We use quantum chemical methods, primarily Density Functional Theory (DFT), to explore the molecular structure, bonding and reactivity of chemical systems, particularly those involving transition metal ions.
Transition metal complexes exhibit an enormous variety of structures including classic inorganic coordination compounds, polynuclear transition metal clusters, organometallic complexes and the metal sites in metalloproteins. The calculation of the electronic structure and properties of these structures however, remains a challenging area of study due to the open-shell nature of many of these systems. Even with the enormous developments in computer hardware, electronic structure calculations on open-shell metal systems using ab initio molecular-orbital methods are still a formidable task, due to the high level of electron correlation present, and really only feasible on the simplest systems.

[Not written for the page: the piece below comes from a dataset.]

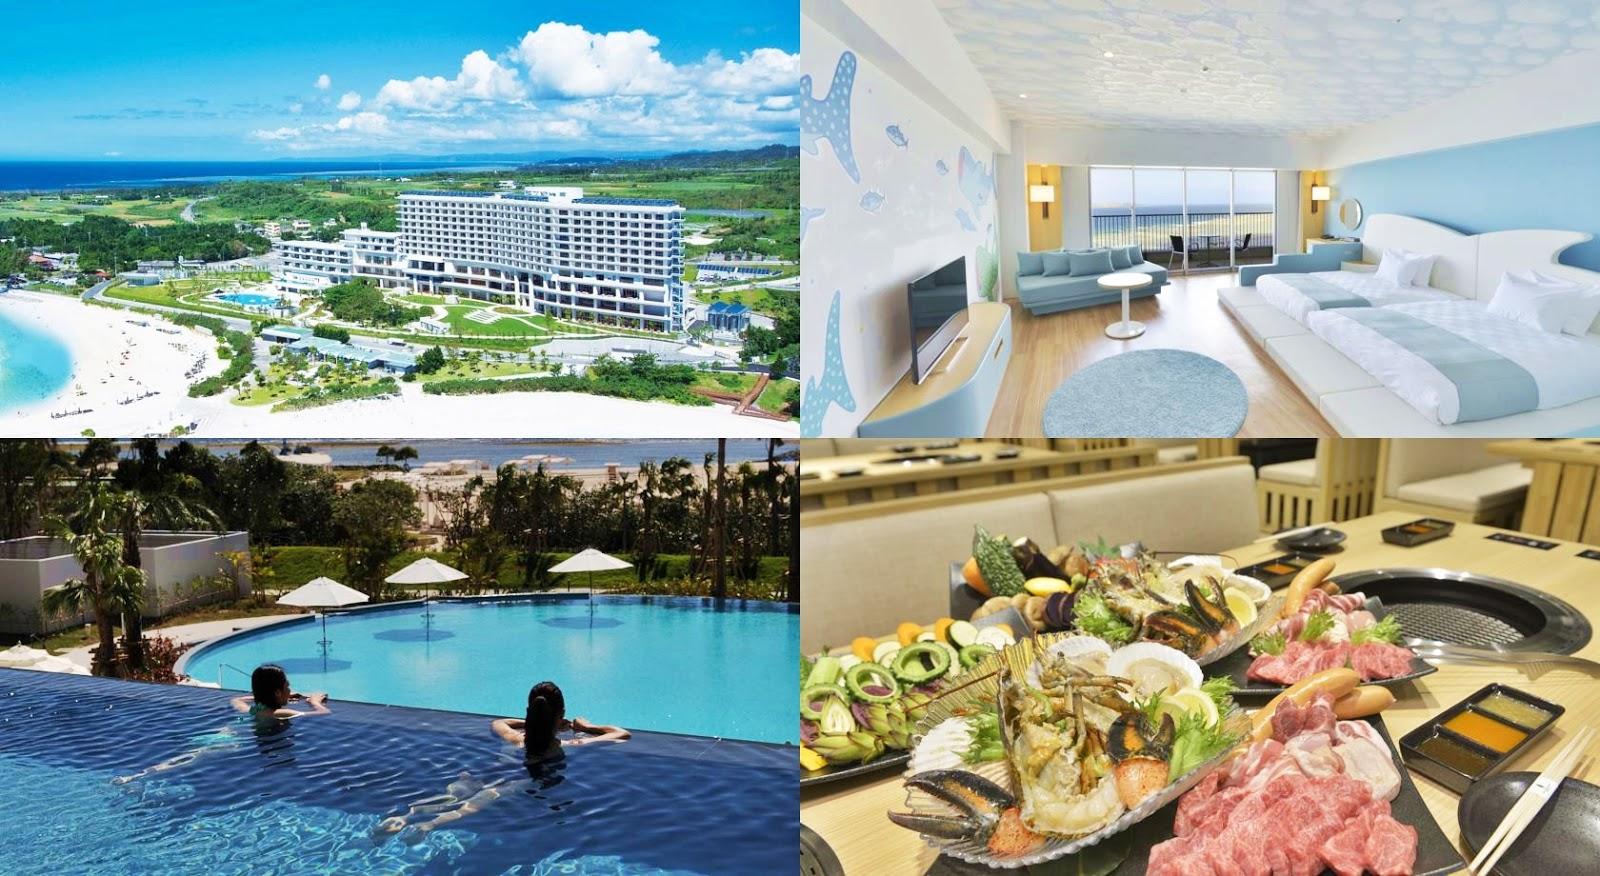 沖繩-住宿-推薦-飯店-旅館-民宿-公寓-奧利安酒店本部度假村-Hotel-Orion-Motobu-Resort&Spa-Okinawa-hotel-recommendation

The development of very fast desktop computers and highly efficient computer algorithms in recent years has resulted in DFT becoming an extremely powerful and reliable theoretical technique, ideally suited to the study of transition metal systems, including their structural, magnetic and spectroscopic properties. Because of the computational expediency of DFT methods, even large structures can be easily handled. Furthermore, the inclusion of electron correlation implicit within DFT ensures that the calculated properties are often in as good or even better agreement with experiment than high-level ab initio methods. More recently, the development of hybrid QM/MM and QM/QM methods has allowed calculations on extremely large systems containing many hundreds or even thousands of atoms, making it now possible to treat biomolecules containing metal ions.
Transition metal ions also play a crucial role in a number of important industrial and biological processes, and increasingly DFT is emerging as an indispensable theoretical tool to probe the mechanistic and energetic aspects underlying these processes.